Glad you dig the axe. I'm looking at the Solo II Custom myself!


----------



## Zado (Jul 28, 2018)

Still no idea why these pups aren't more successfull nowadays. Ok, I get that Schecter doesn't have the djentytrendy endorsed guy advertising em like there's no tomorrow, but still they _are _nice pickups, and deserve a lil better.


----------



## PunkBillCarson (Jul 28, 2018)

Zado said:


> Still no idea why these pups aren't more successfull nowadays. Ok, I get that Schecter doesn't have the djentytrendy endorsed guy advertising em like there's no tomorrow, but still they _are _nice pickups, and deserve a lil better.



That might soon be a thing, because I plan on getting the Schecter S-II Custom in Cherry Red.


----------



## KnightBrolaire (Jul 28, 2018)

Zado said:


> Still no idea why these pups aren't more successfull nowadays. Ok, I get that Schecter doesn't have the djentytrendy endorsed guy advertising em like there's no tomorrow, but still they _are _nice pickups, and deserve a lil better.


the apocalypse pickups work well for more modern stuff ime.


----------



## LeviathanKiller (Aug 1, 2018)

KnightBrolaire said:


> the apocalypse pickups work well for more modern stuff ime.



One of my...let's say top 3...favorite pickup sets right now. Just super chunky and aggressive with great clarity, definition, and percussive attack without being thin or weak (although they are more medium to medium-high instead of high-output, but that makes them versatile too)


----------



## Zado (Aug 1, 2018)

LeviathanKiller said:


> One of my...let's say top 3...favorite pickup sets right now.

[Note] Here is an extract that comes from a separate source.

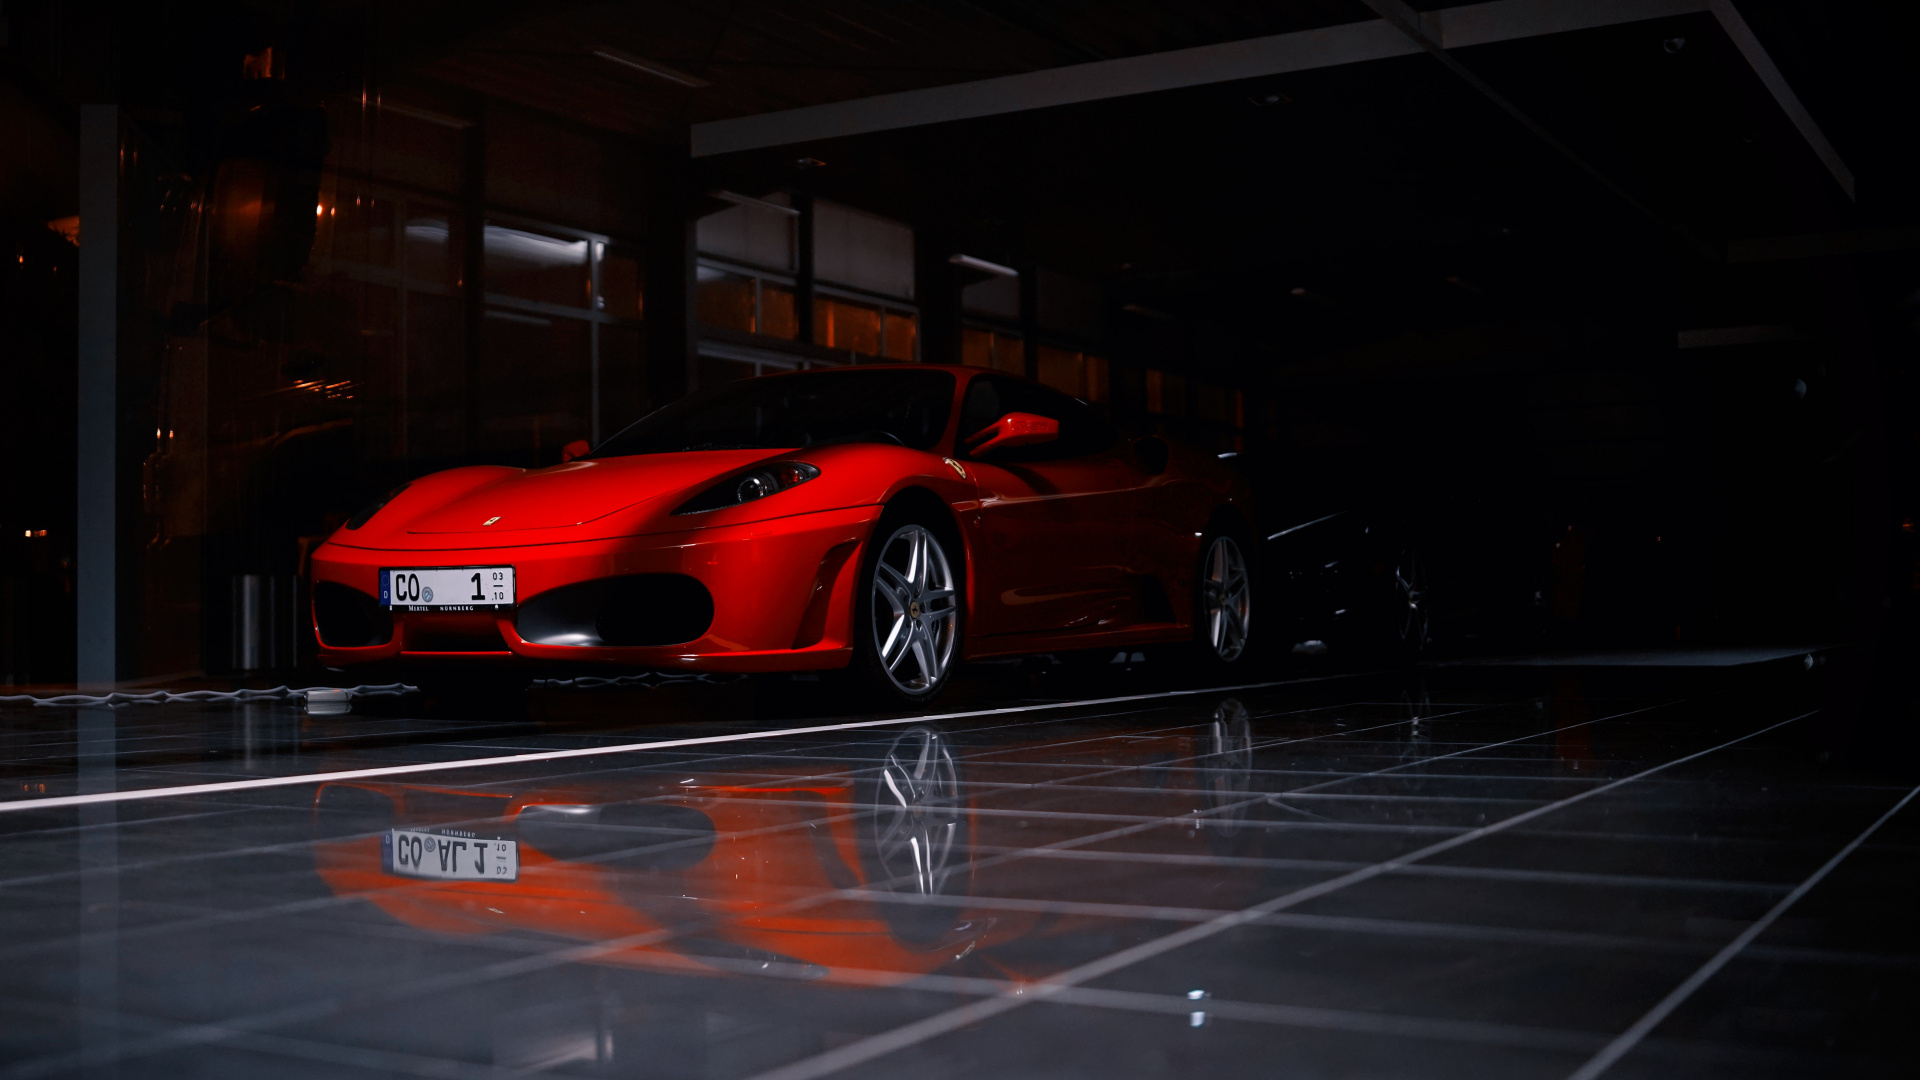 Ferrari 458 Italia Rojo Estacionado en el Estacionamiento. Wallpaper in 1920x1080 Resolution

Just super chunky and aggressive with great clarity, definition, and percussive attack without being thin or weak (although they are more medium to medium-high instead of high-output, but that makes them versatile too)


I like the peculiarity of some of their pickups of deliverin a clear and aggressive sound without being overly high output. For example, the Sunset Strip is a ceramic badass bastard, but it's not super hot, tho it sounds very aggro


----------